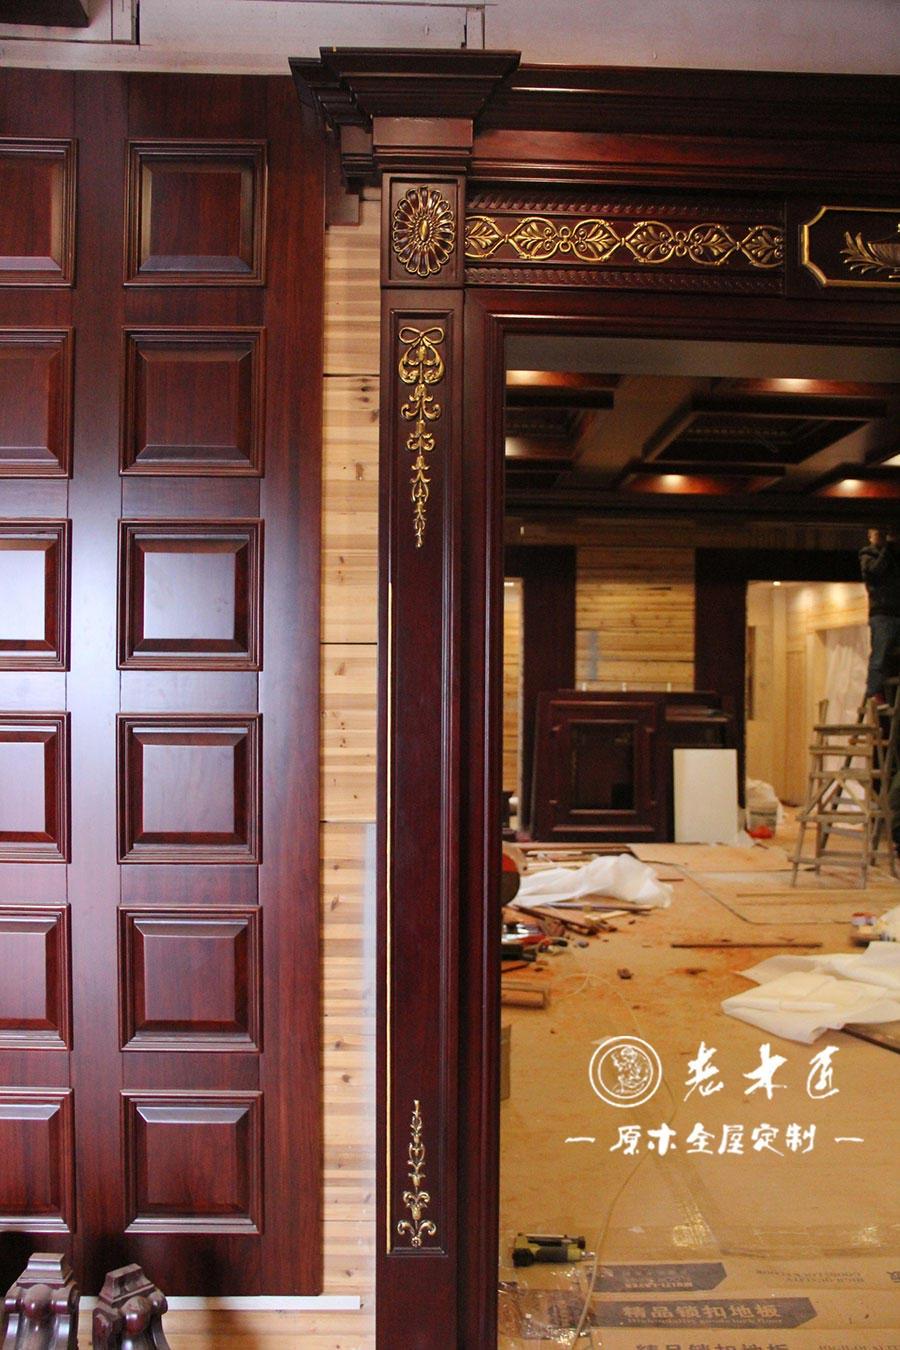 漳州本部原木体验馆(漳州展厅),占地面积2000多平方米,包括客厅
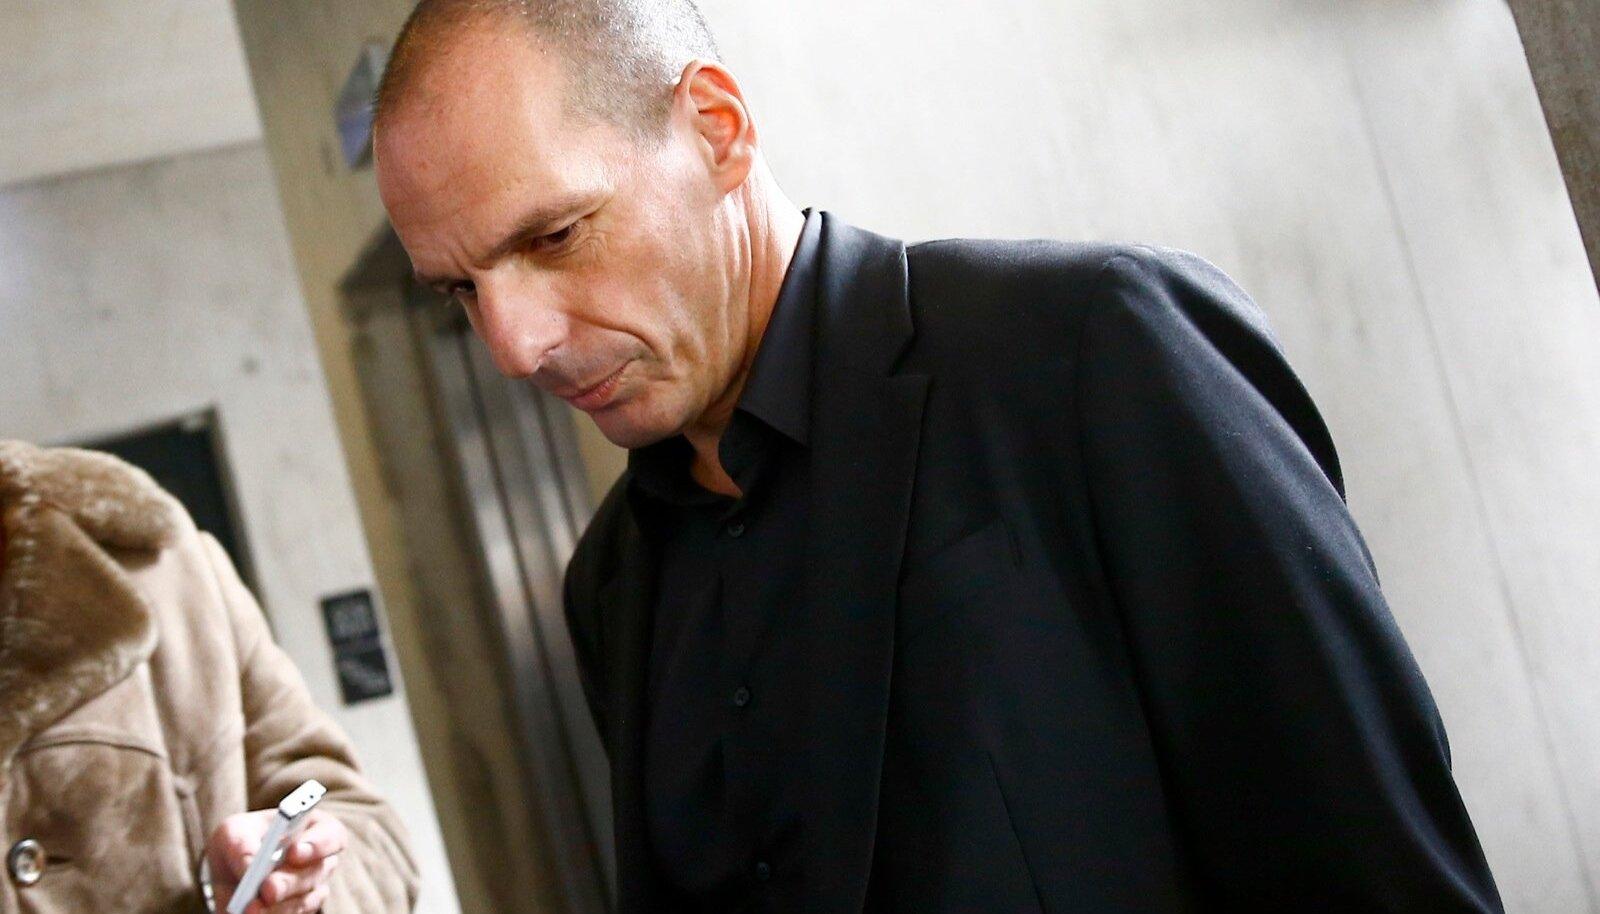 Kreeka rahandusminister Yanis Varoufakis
---+---
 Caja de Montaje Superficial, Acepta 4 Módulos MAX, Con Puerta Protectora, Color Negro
---+---
### What you are asked to do
Give again the stretch of the entries above that begins at the line with "漳州本部原木体验馆(漳州展厅),占地面积2000多平方米,包括客厅" and ends at the line with "Kreeka rahandusminister Yanis Varoufakis", word for word, with no pictures.

### Written answer
 漳州本部原木体验馆(漳州展厅),占地面积2000多平方米,包括客厅
 Kreeka rahandusminister Yanis Varoufakis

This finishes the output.